Camino de la Habana

(este es un extracto del libro "CUbADERNO, un recorrido insólito por el oriente cubano", más info aquí)

El viaje comienza en el mismo Camagüey con la eterna luchita de conseguir un pasaje. Contaré con algo más de detalle esta parte, pues me parece especialmente ilustrativa de lo que es viajar en Cuba con Astro, la empresa nacional de transporte interurbano en guagua en moneda nacional.

Con tres meses de antelación se ponen a la venta los pasajes y uno puede comprarlos mientras no se hayan vendido todos. Pero si uno decide viajar con poco tiempo de antelación, que es lo más usual, los billetes ya estarán vendidos y no queda más remedio que acercarse a una terminal para anotarse en la inevitable lista de espera.

Así que me acerco a la estación y con mi “Carné de Identidad para Extranjeros de Residencia Temporal” me apunto para la Habana y recibo el número 159. “¿Por qué número van?” “Por el 75”. Esto va para rato.

Entonces sólo queda esperar que alguna guagua que salga de Camagüey o cualquier otra de tránsito con el mismo destino arribe a la estación. Suerte que casi todas van para la Habana y muy poquitas para Santiago de Cuba. Cada vez que llega un autobús para la Habana, la señorita (siempre son mujeres) de la pecera agarra el micrófono: “El ómnibus número no sé qué proveniente de no sé dónde con destino Habana ha hecho su entrada en la terminal”. No ha terminado la frase cuando ya nos agolpamos una muchedumbre frente al cristal de la pecera. Entonces, si la guagua sale de Camagüey, hay que ver cuántas personas que compraron su pasaje con antelación no se presentaron, y si viene de paso, cuántas plazas vacías lleva. “Son 7 gentes”. Eso hace 82.

A ver si me voy esta noche.

Y así sucesivamente con dos, tres, cuatro y cinco guaguas que van pasando delante de mis narices. Las eternas horas de espera pueden resumirse fácilmente en una pizza, un pan con jamón y queso, un pastel de mantequilla, una tableta de maní, cinco refrescos de a peso y media cajetilla de cigarros criollos.
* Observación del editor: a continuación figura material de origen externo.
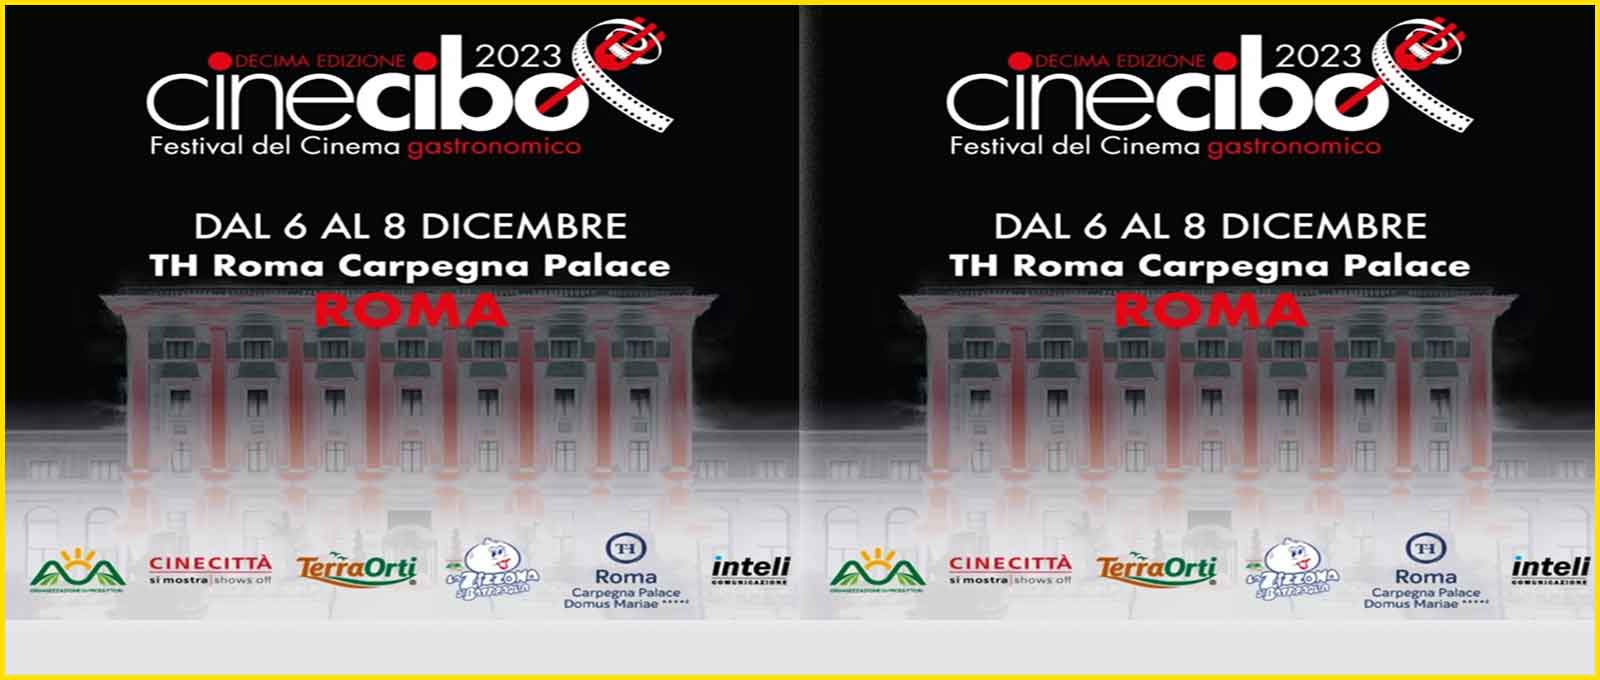 Cinecibo, il Festival del Cinema Gastronomico

Un "ahorita llega", vaya.

Entonces me dan un papelito con el que pago en la ventanilla de al lado y me otorgan el merecido ticket. La historia de este ticket también tiene su guasa: primero se le enseña al guarda para acceder al edificio donde aparcan las guaguas, luego al salir por detrás para que te digan cuál es tu autobús, después al que gestiona el maletero para etiquetar tu equipaje, luego al chófer para que te de tu plaza y finalmente, con la guagua ya en marcha, uno de los conductores se pasea para revisar y rasgar cada uno de los tickets, no sé muy bien para qué.

En la cola de la guagua un hombre está algo alterado, porque quiere sentarse junto a su mujer y le dieron un número equivocado. Entonces comienza una discusión en la que todo el mundo opina. Que si te cedo mi plaza, que si aquel se cambia aquí y el otro allá, que no, que yo quiero ventanilla, que es que los últimos asientos son una mierda...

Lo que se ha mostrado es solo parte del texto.